Mate! No need to wax lyrical about how you started thinking about
Australian citizenship. The idea of becoming naturalized did grow over the years
until a poppy on a stick burst the already thinning dam of resistance. This is what I wrote after a memorable afternoon on the
Kokoda Track at Brigade Hill. Excuse me for quoting myself.
When it was my turn I walked in deep reflection. The many
days on this hike had stripped me bare of all my protective layers - I could
almost feel the forest breathe - my
imagination leaped back seventy four years - violent images ran through my mind
in this silent jungle. I walked on, out of the jungle and into the sunny, grass-covered clearing - blue sky overhead.
With a sudden jolt, I realized what the neatly placed rows of wooden stakes
represented that were stuck into the ground.

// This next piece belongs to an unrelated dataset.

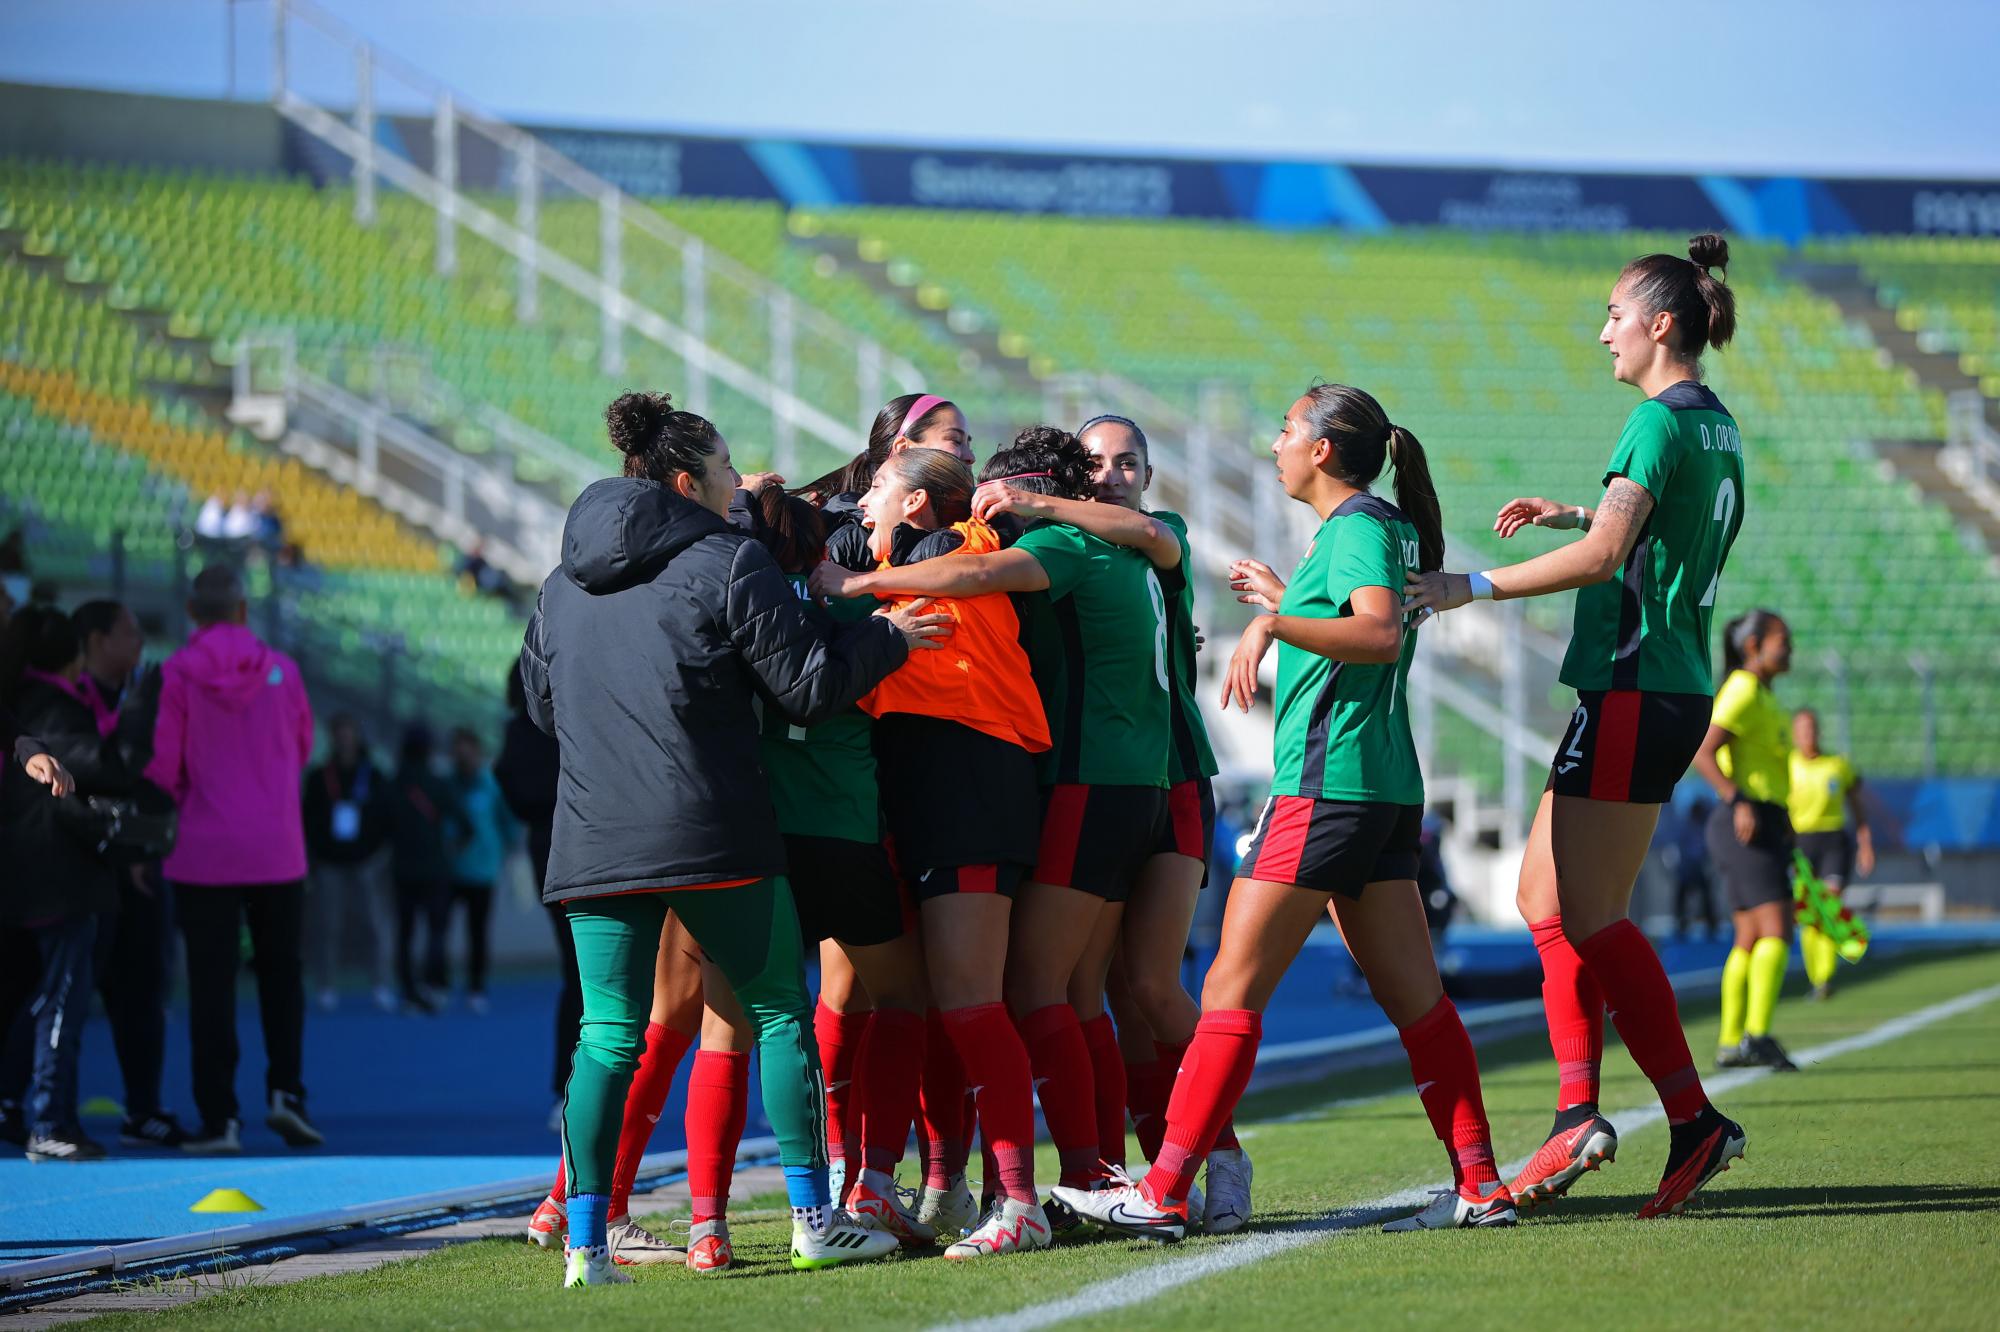 $!Tras 24 años, México jugará una Final femenil en futbol en unos Panamericanos
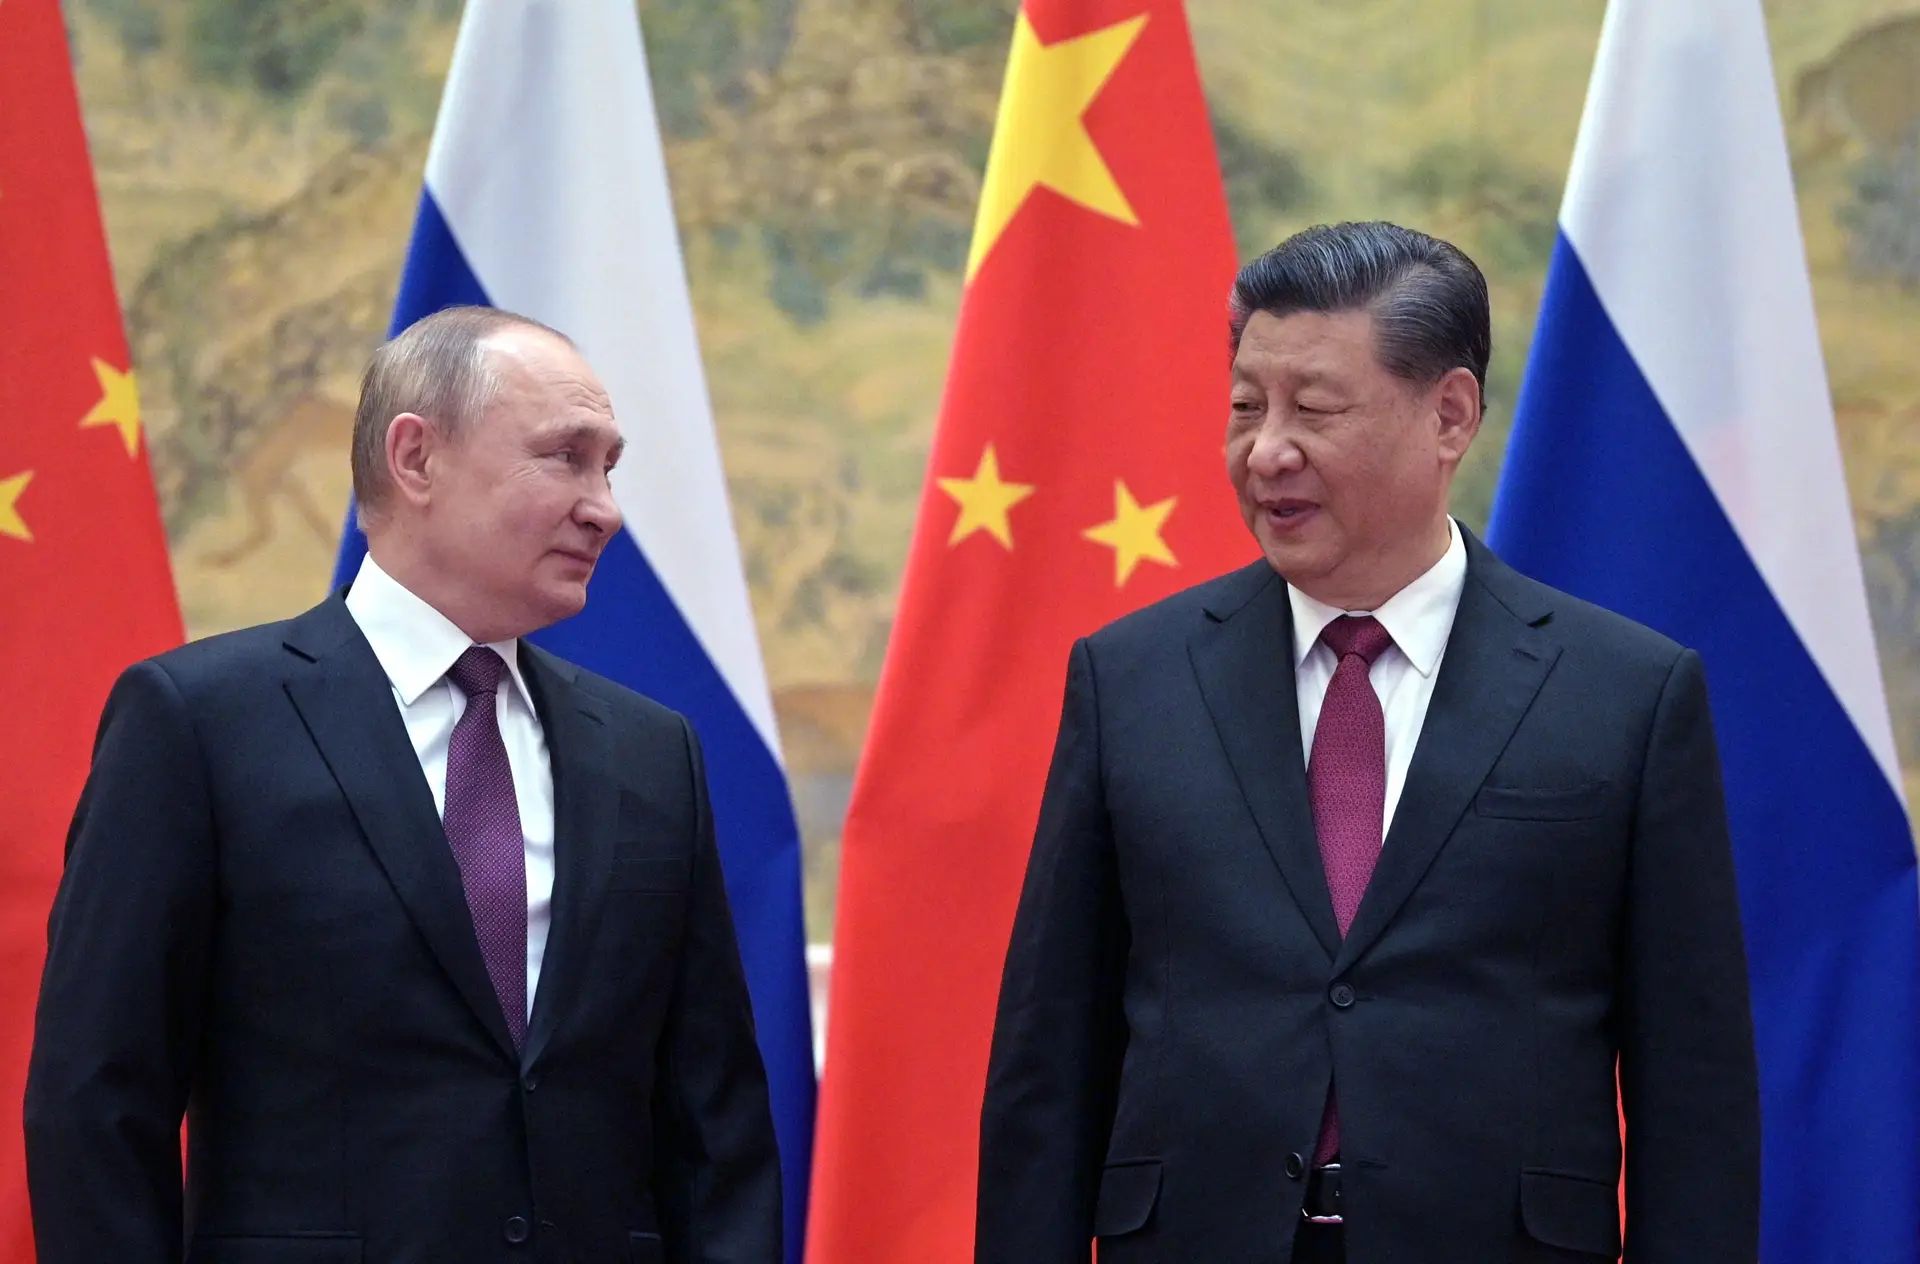 O tabuleiro geopolítico da Guerra na Ucrânia: “Tenho conversas com pessoas  no Pentágono e elas só dizem 'China, China, China', não 'Rússia'” - Expresso

The stakes representing the fallen soldiers on top of Brigade Hill |
I briefly managed to hide behind my camera and took many
shots using the brown and white (sepia tone) setting - the picture in the
view finder aligning itself with my mood. I knelt down to take a close up but
that was it. I had no choice other than to let my emotions run free - sadness
engulfing me without restraint - this grown man was blubbering his heart out
like a baby.
'Torn Apart' written by Marcel Kempe
Call me a softy, but I still feel the affected twinge sometimes, even shed a tear when I read and
think about that day in the jungle. With all that raw emotion it simply became clear it was
time to attempt to become an Australian citizen. My journey to morph into a fair
dinkum Aussie had began.
Walking towards Brigade Hill |
What followed was a paperwork battle which took me one year in total. First of all, how do you procure a Dutch birth certificate? ……??? Neither did I. Google rescued my lily-white hiney, not for the first time, and a letter was sent to my place of birth in a small, obscure city in Holland. It was a more than a pleasant surprise when the record of my mother’s sweat and toil arrived after four and a half months – unannounced - without acknowledgement of any sort – no check if I was really me.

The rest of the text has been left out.